Listen Live
Black America Web Featured Video
CLOSE

Few things are more comforting than being welcomed back to a loving home. Whether you’ve been away at school, in the military, on the road working or just spent too many hours past your curfew, it feels good to know that you were missed, and nobody’s mad at you. You may have not made the best grades, you might have not written home enough, you may have missed paying a couple of bills, and you may have gone too long without calling – but sometimes, when you get home, people who love you can look past all that, at least for a while, and just appreciate your complete “body of work.”

This morning, you’ll hear a conversation we recorded with Barack Obama, the president of the United States, yesterday. Like other family members we know (and have been ourselves), the president was loved, supported and pushed to reach higher heights, to go as far as he could go. He’s in a tight spot though now, and to be honest, I think he’s gone too long without checking in on the family – his base, the black folks who got him elected. But still, I welcomed him with open arms.

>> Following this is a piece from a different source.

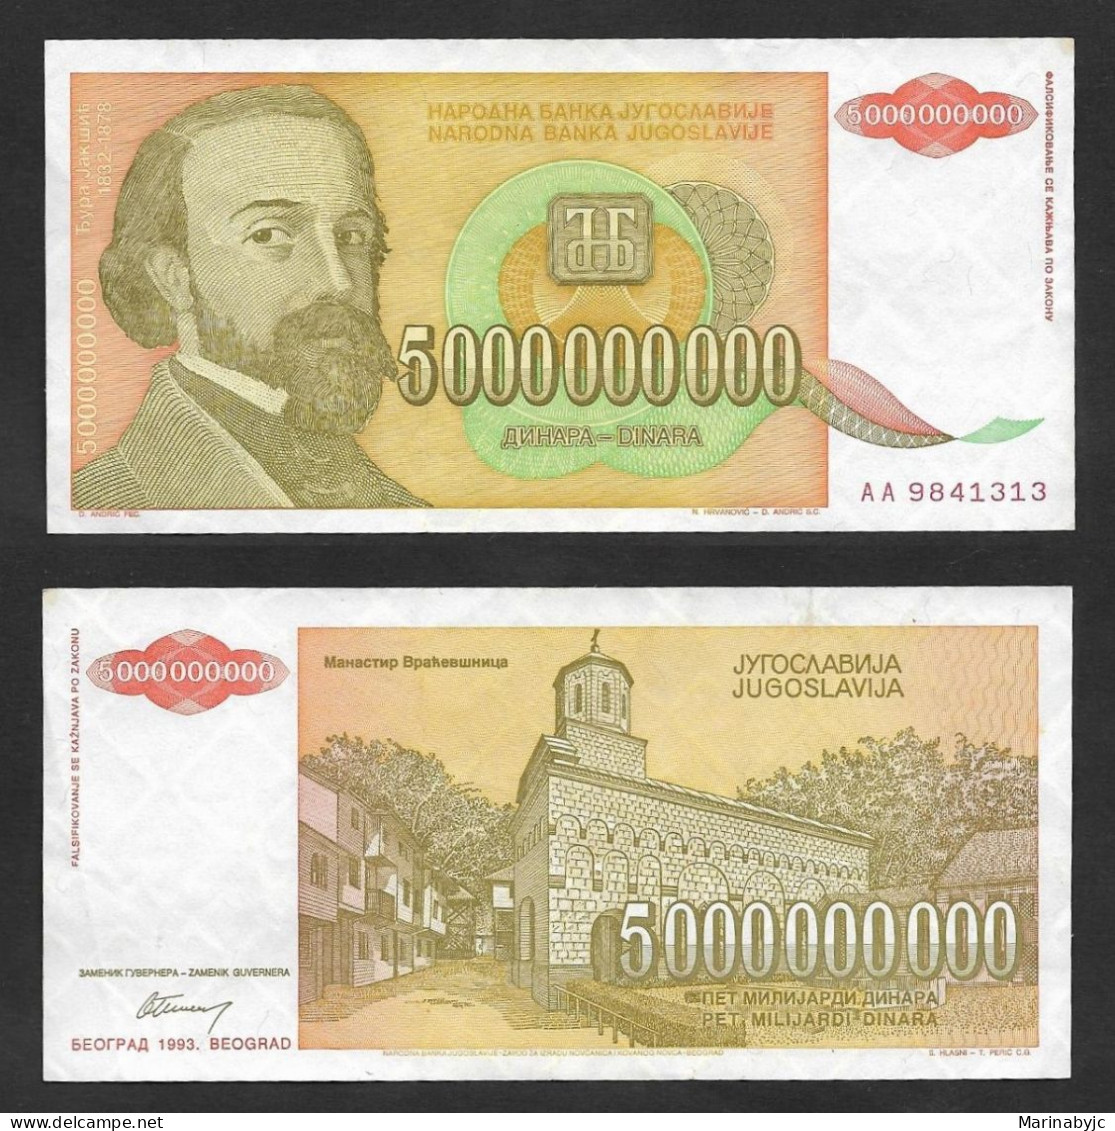 SE)1993 YUGOSLAVIA, BANKNOTE OF 5,00,000,000 DINARS OF THE CENTRAL BANK OF YUGOSLAVIA, WITH REVERSE, VF - Used Stamps

That doesn’t mean that we shouldn’t hold him accountable for keeping the promises he made to black America. He says he has – with the health care reform bill, a plan to build a new foundation for economic growth in the African-American community, financial regulatory reform to help keep big banks from taking advantage of people and with education reform. He says proposals he made this week will put people to work physically rebuilding America’s roads and bridges.

I believe him, and I trust him. What would be the point of working as hard as we all did to put the president in office, only to second-guess him and not give him room to work his plan?

On the night of the election, I was a witness, just a few yards away in Grant Park in Chicago, where he made his speech and said something I’d never heard a president say before. He said he wouldn’t be able to turn things around in one term. He didn’t kid himself or us. He told us it would take lots of work, lots of blood, lots of sweat and lots of tears. And we all yelled, and clapped and cheered. But now it’s time for the hardest part.

The honeymoon is over. The parties have stopped. The sexy is gone. At the rate things are going, if things continue as they stand today, there may not be a second term for this president. And if we don’t like this scenario, we can’t wait any longer to support him. It starts with the all-important mid-term elections. President Obama’s name won’t be on any of those ballots, but we have to go out and support Democrats the way we supported him when we were all hyped up about the prospect of electing the first African-American president.

It’s hard to do. I know. It’s my job to keep everyone motivated to go out and vote in every election, and I fall short. Like you, I have a lot of things to do that have nothing to do with local or statewide politics. I’m not up on all the issues, and a lot of them I’m not even interested in. But, also like you, I’ve got to dig deep and sacrifice and keep reminding myself of the bigger picture – and the greater good.

I want this president to succeed because of the pride and historic significance of who he is, for one, secondly, as you will hear in the interview, he’s still the coolest, but also because I believe he will do what’s best for this country and black America. He wants for his two daughters the same as I want for my granddaughter and grandchildren to come: Peace, prosperity and uncontaminated food! Listen carefully to his message today as he speaks directly to black America.

Let’s dig deep and make a commitment to – at the very least – do what we can to give the man we elected a chance to finish what he’s started. I have the audacity to hope and believe we can make it happen. Again.